ACEs may be linked to London's youth violence

London’s child health programmes must be extended to pre-school years to prevent the effects of violence lasting into adulthood.

Jul 5, 2018
By Serena Lander
Sadiq Khan

A report by London Assembly’s Health Committee has found that the Mayor’s Healthy Early Years programme fails to act at the most critical time of a child’s health – the first 1,000 days.

It also said that Adverse Childhood Experiences (ACEs) increase the child’s risk of violent and suicidal behaviour, and this must be considered when tackling London’s rise in youth violence.

One in eight children experience more than one ACE, such as physical or emotional neglect, sexual abuse, living around domestic violence or engaging in substance misuse.

The committee noted that a child in London is more likely to be murdered under the age of one than any other time during their life.

Its report said: “When a child or young person lives with ACEs, their brain does not get the rest it needs through the day as it is constantly reacting to threatening stimuli. This leads to the development of chronic stress in young people and everyday neutral situations seem threatening. This often leads young people to be anxious, disengaged and underachieving at school. It can lead to violence.”

And it pointed to a US study that showed 50 per cent of juvenile offenders in Florida had experienced four or more ACEs, far higher than the general population, suggesting a direct correlation between criminal behaviour and early years experiences.

The risk of a young person becoming serious, violent and chronic offenders was raised 58 per cent if they experienced physical abuse during their childhood and by 119 per cent if a member of their household was in prison.

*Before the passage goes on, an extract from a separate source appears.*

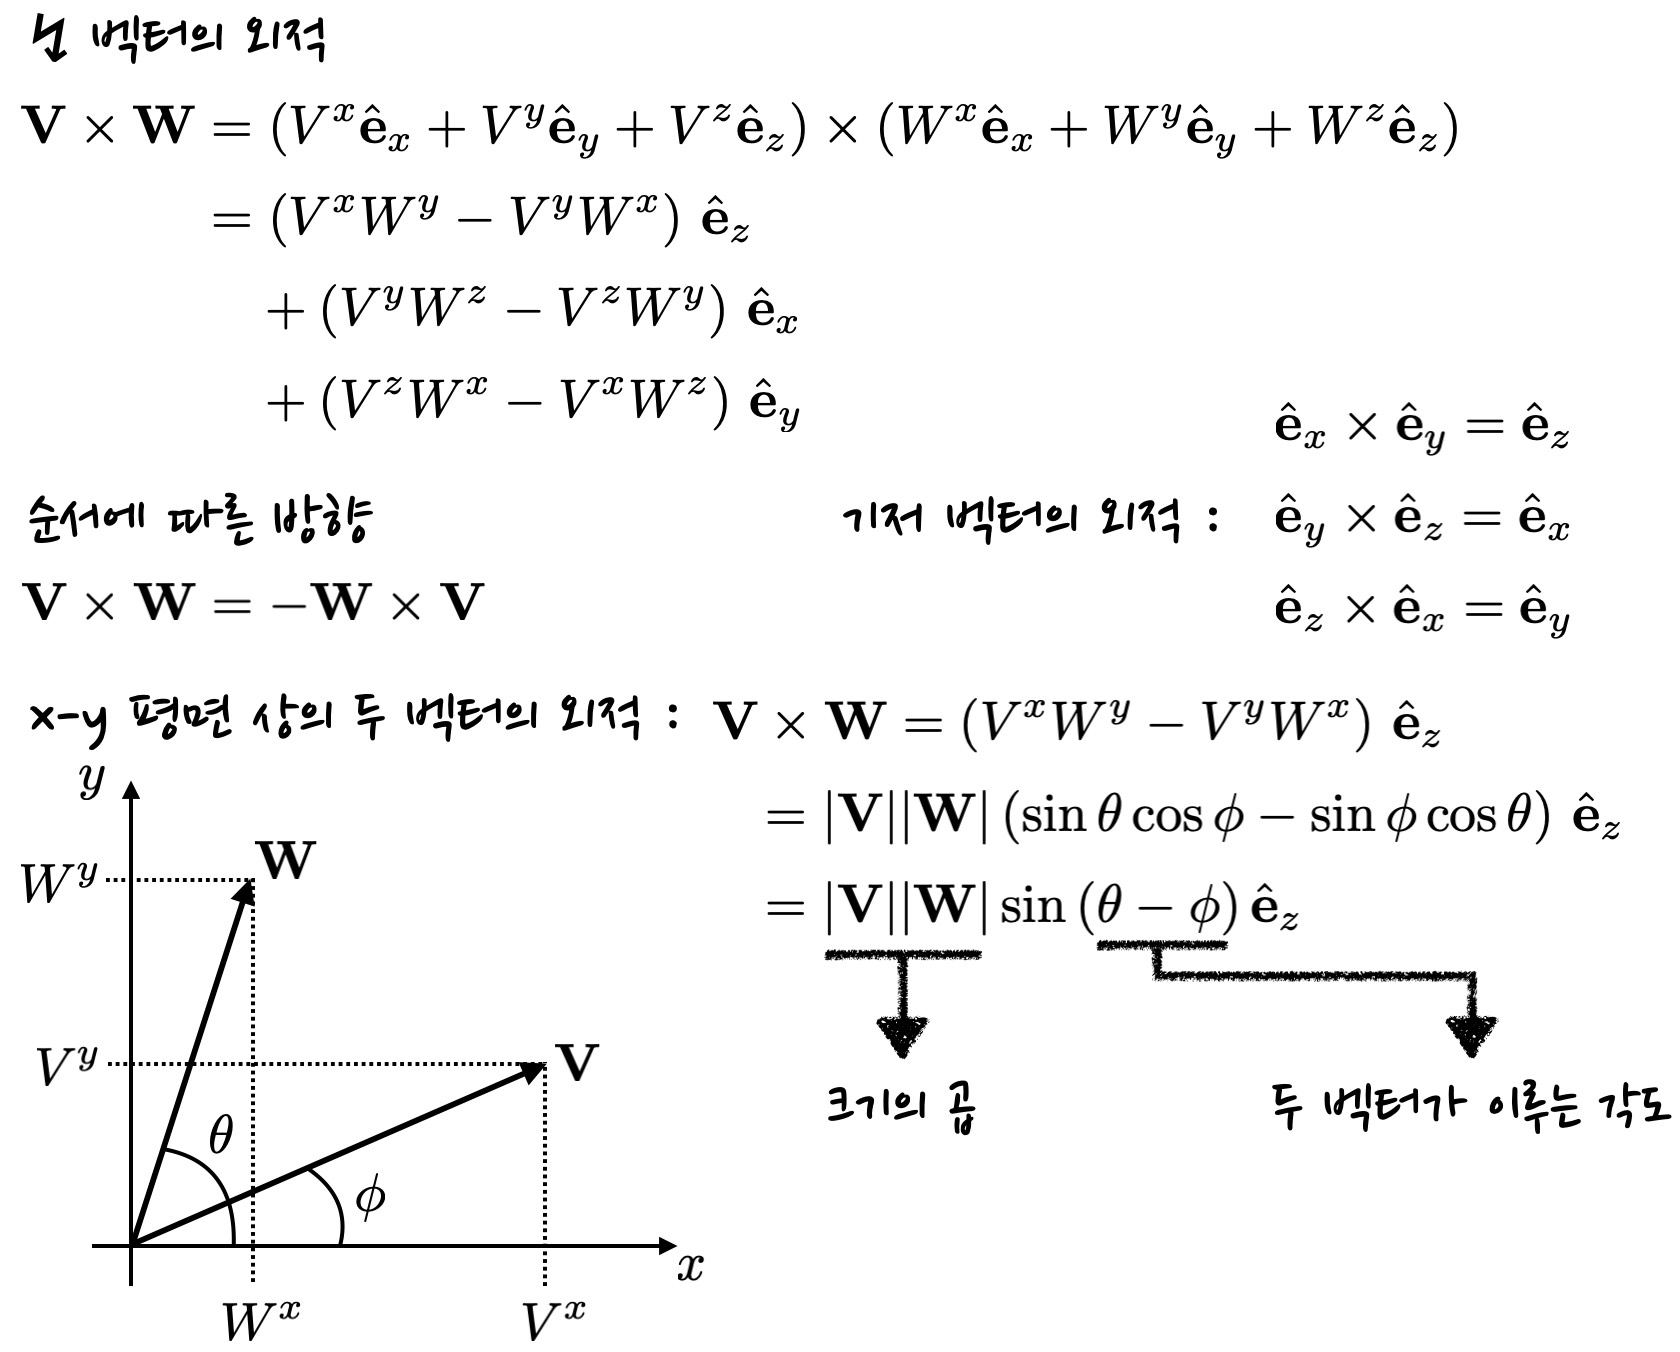 schematics of exterior product of vectors in 3-dimensional Euclidean space. It shows how to write the exterior product in terms of components of each vector. It is demonstrated that size of the exerior product is product of length of vectors and sine of the angle between two vectors.

To understand the rise in violent youth crime, these factors must be considered especially for children under the age of two years old.

Dr Onkar Sahota AM, Chair of the Health Committee said: “The first 1,000 days are critical. It can be as serious as to lead to a life of health complications or even a life of crime if we get it wrong.

“Some families need help in this critical time and the Mayor should step up to recognise that by two years old it may well sadly be too little, too late. We welcome his overall ambition, but we have heard from experts that waiting until infants enter childcare is just not good enough.

“He needs to stretch his efforts to intervene earlier and support parents from the beginning.”

The Children’s Commissioner released a report on Wednesday (July 4) into childhood vulnerability which estimated that 2.1 million children in England – one in six – are living vulnerable lives due to complex family circumstances.

It said there are 86,000 children who have a parent in prison, and around 27,000 children involved in street gangs.